Activity: Reproduce exactly the line containing "Governor's Business Award graphic" and each line after it until the listing ends, leaving pictures out.

** Opening Information supplied block **

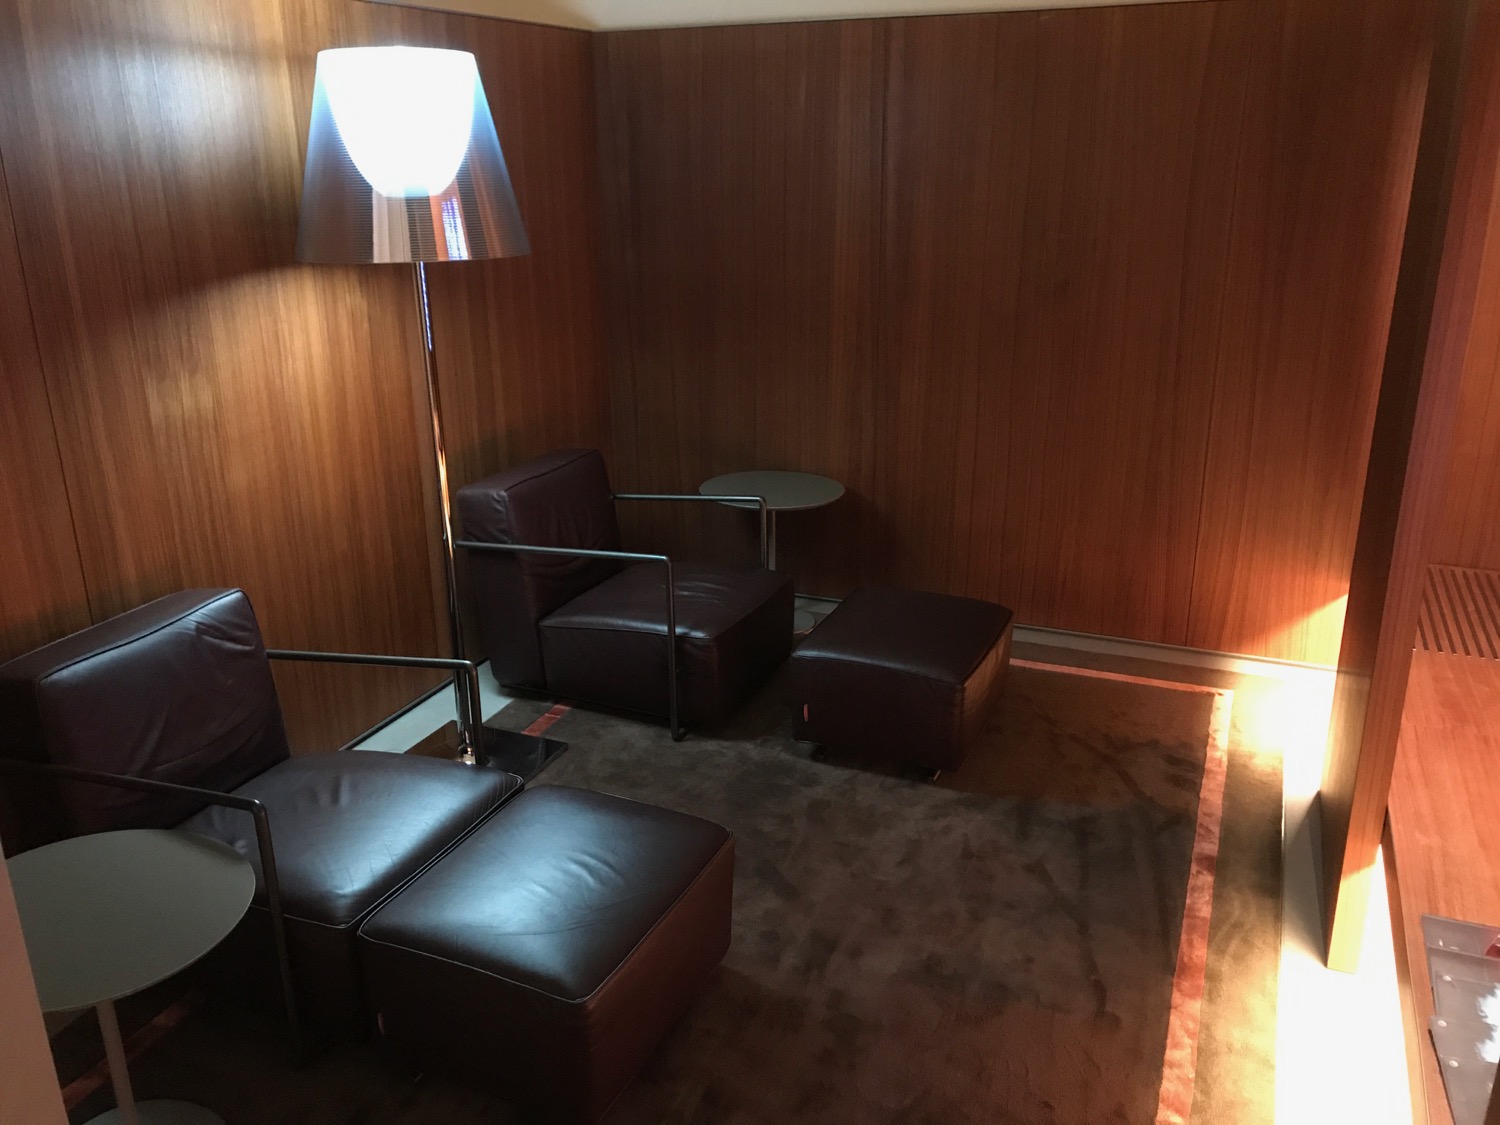 a room with a lamp and leather chairs
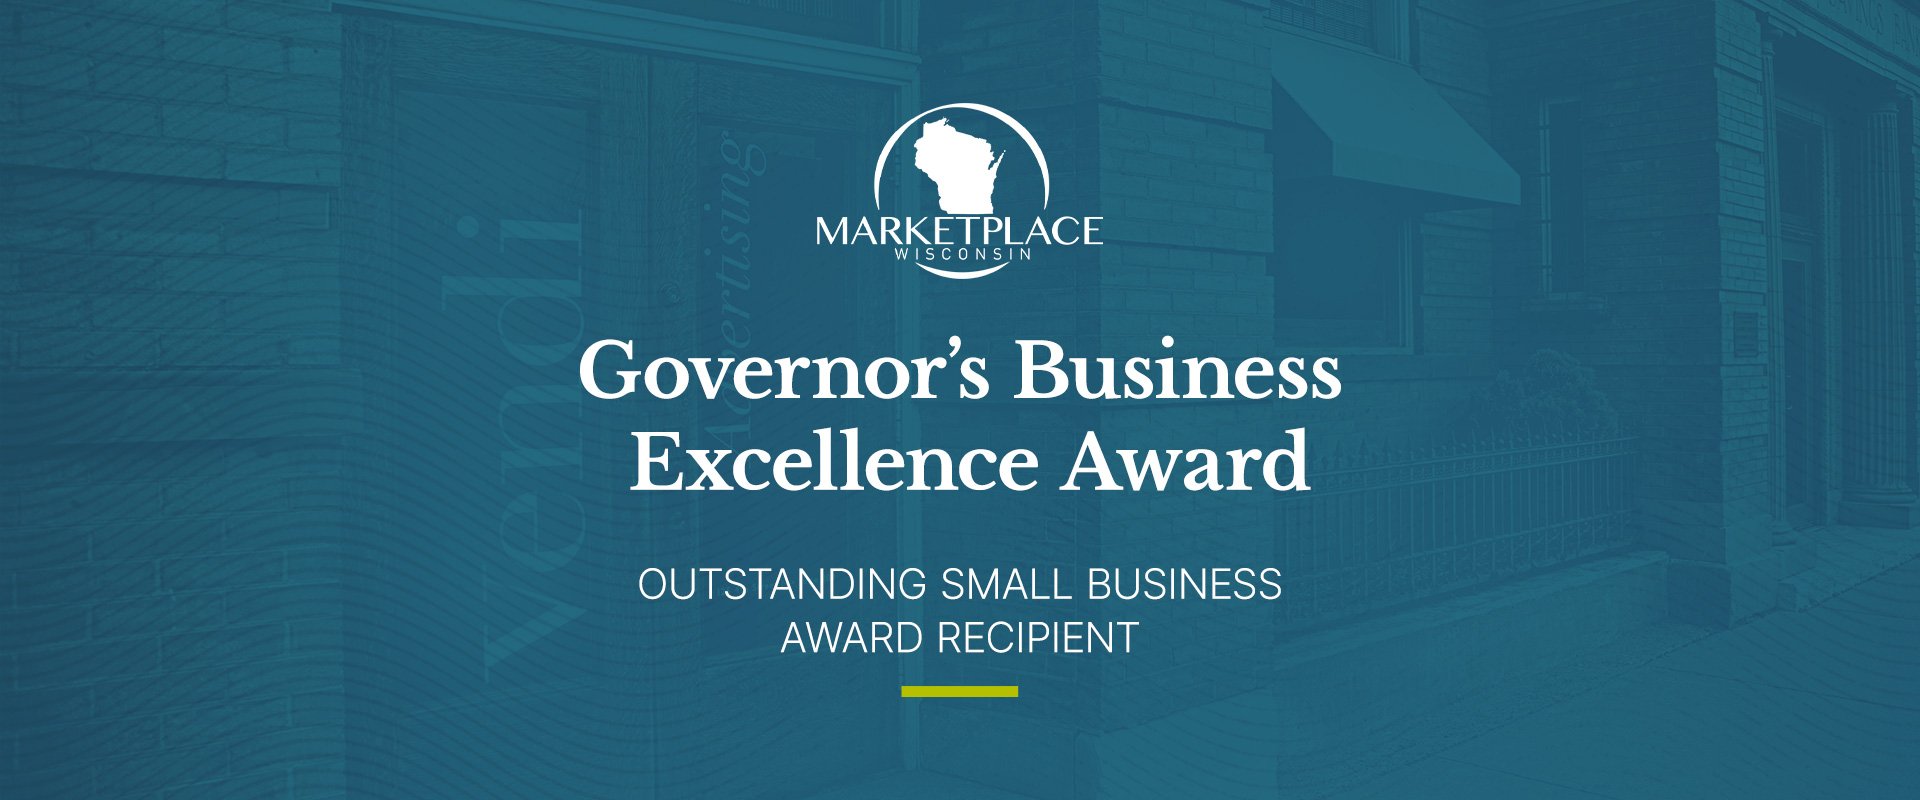 Governor's Business Award graphic
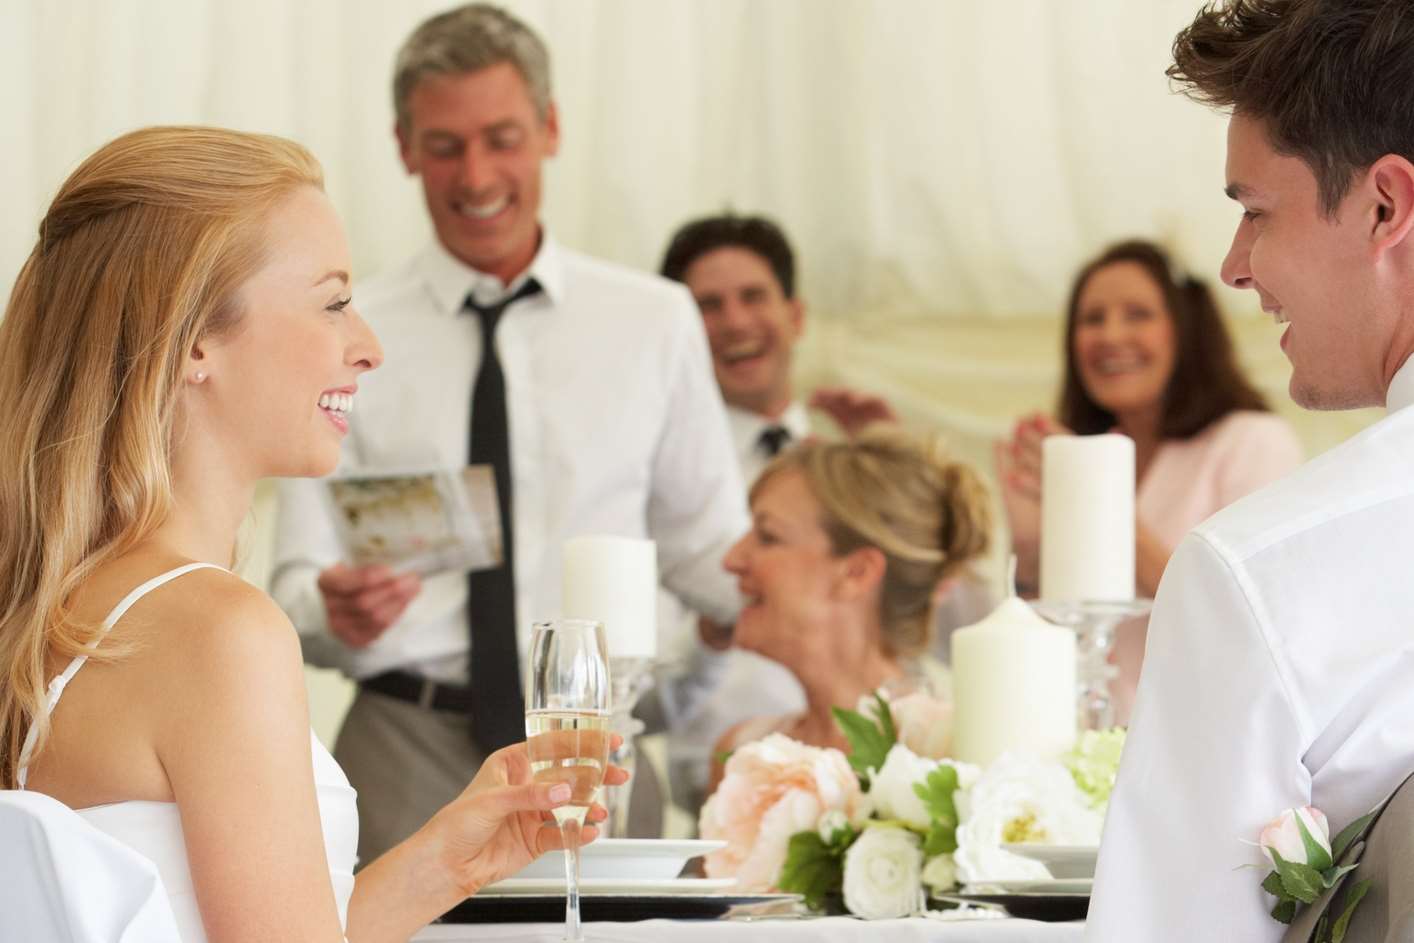 It's important to remember the bride and all her family will be all ears on your speech
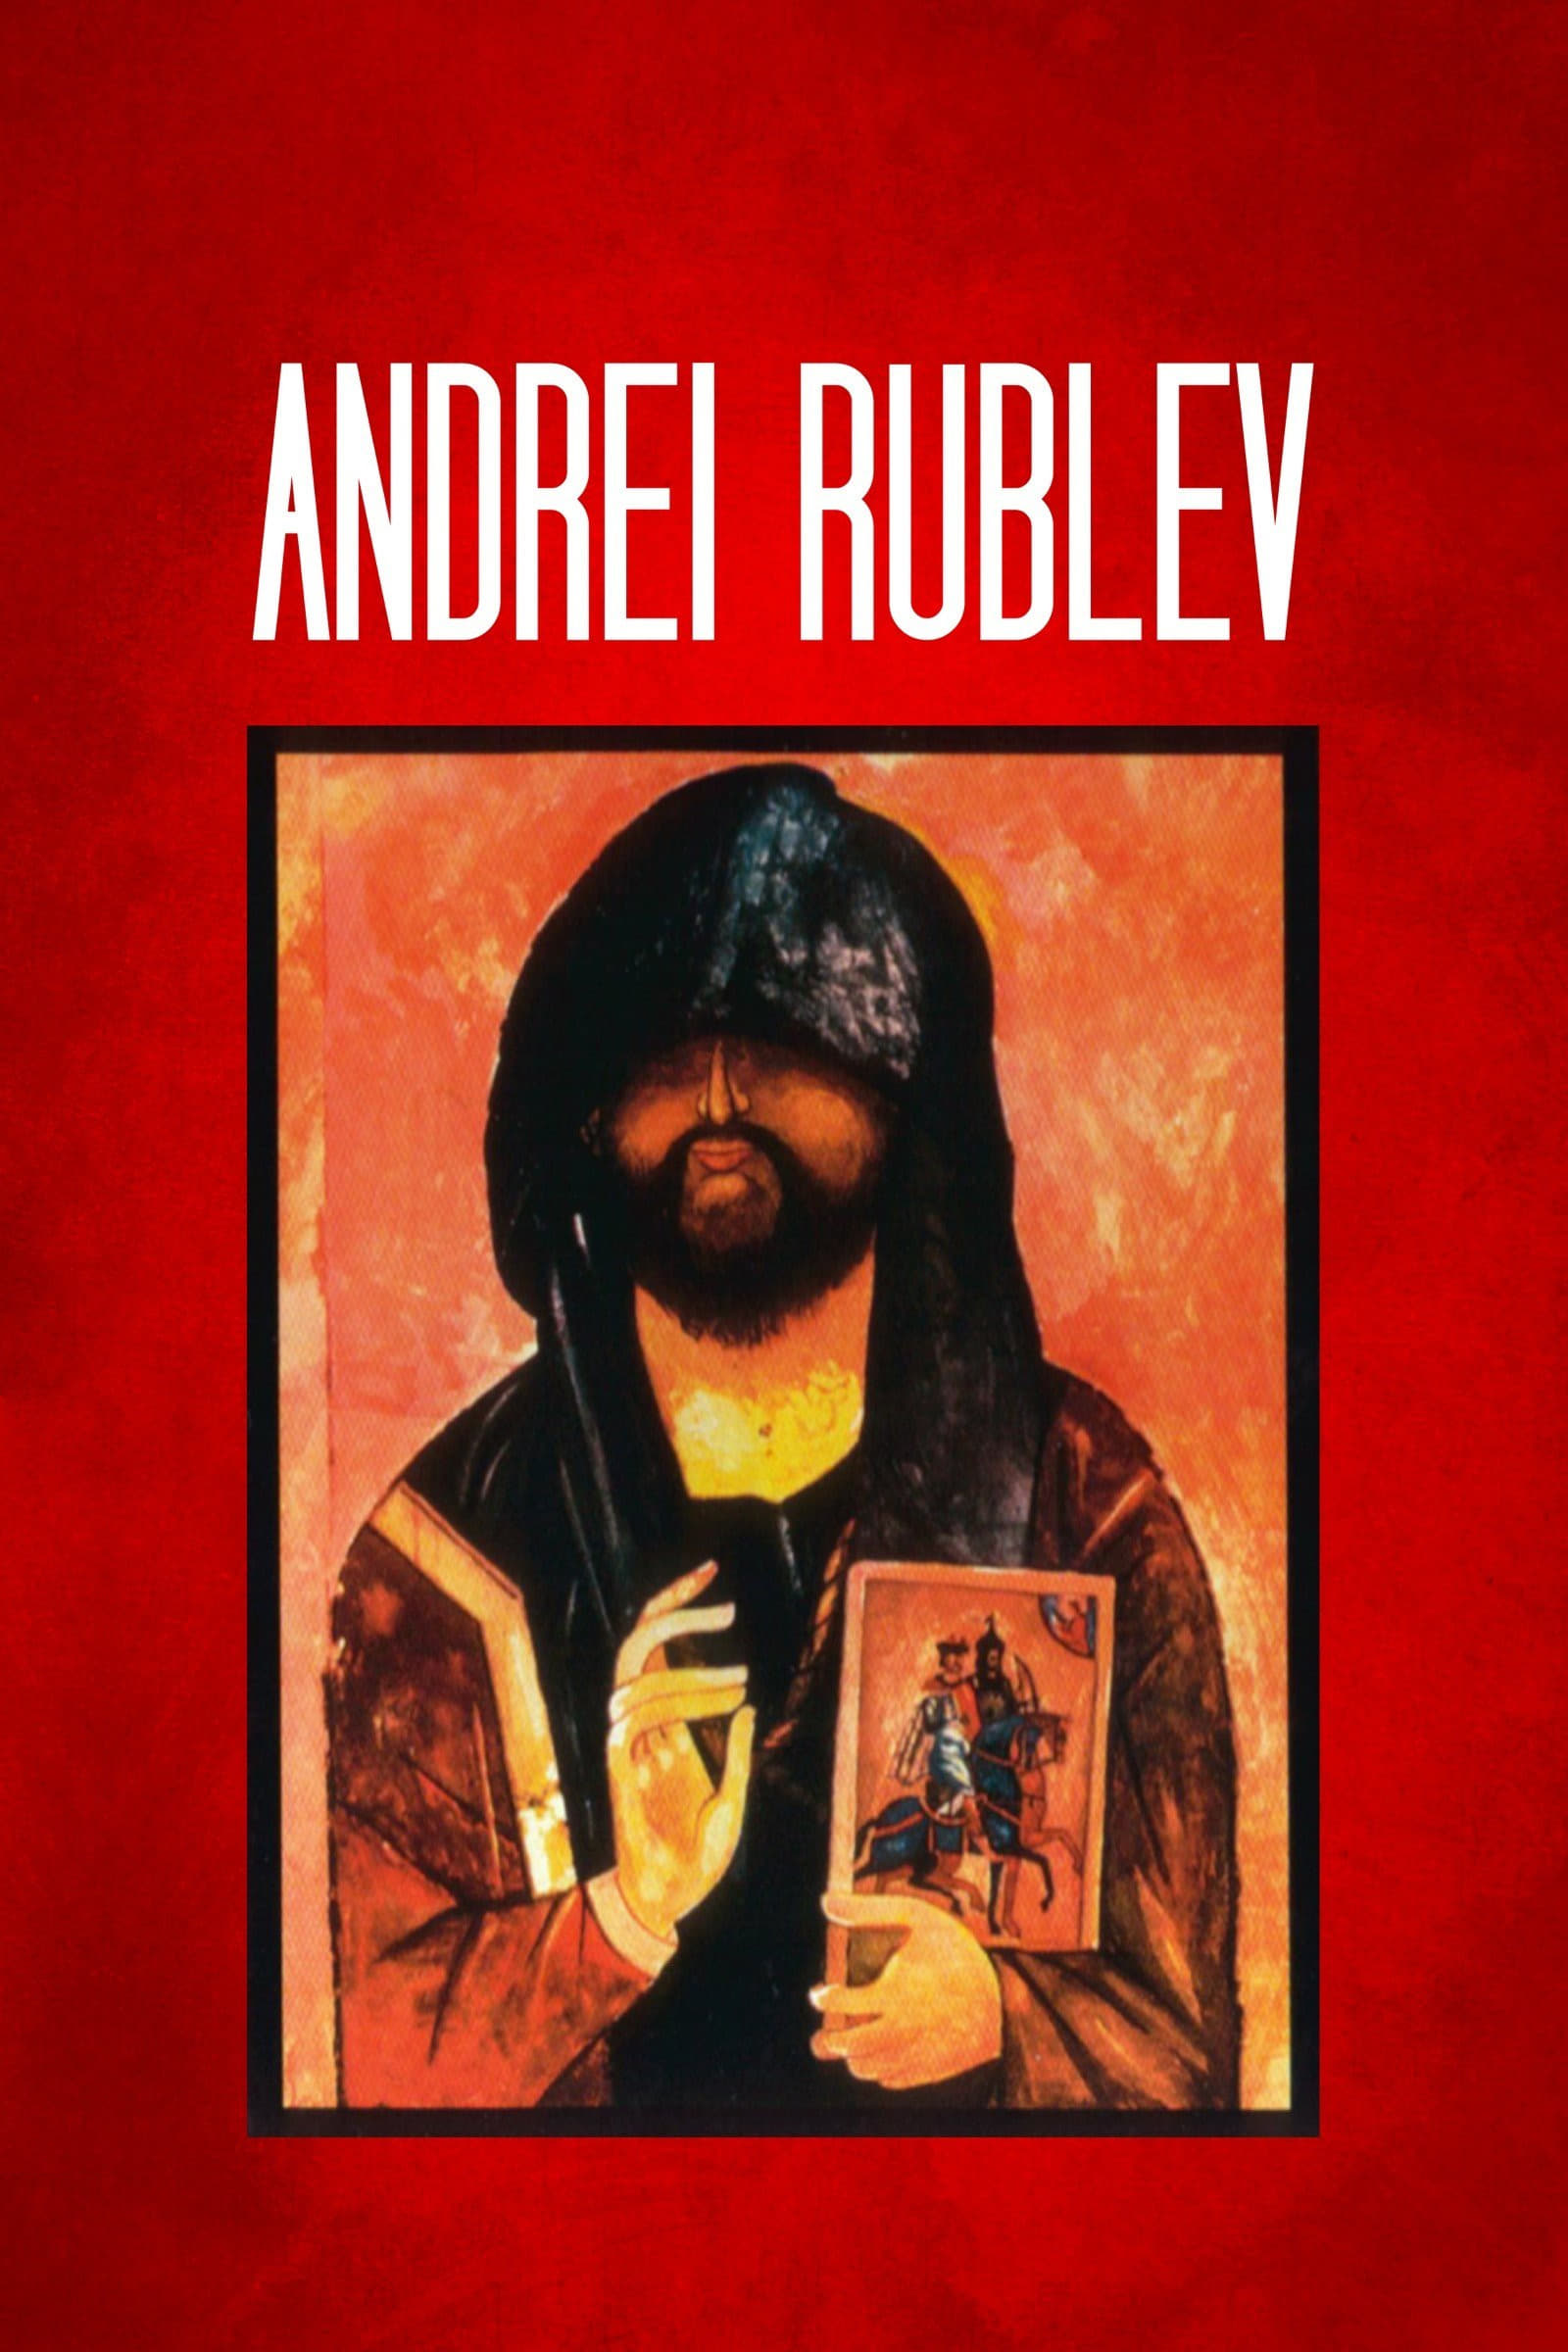 1966 Andrei Rublev

** Closing Information supplied block **

Task response:
 Governor's Business Award graphic
 It's important to remember the bride and all her family will be all ears on your speech
 1966 Andrei Rublev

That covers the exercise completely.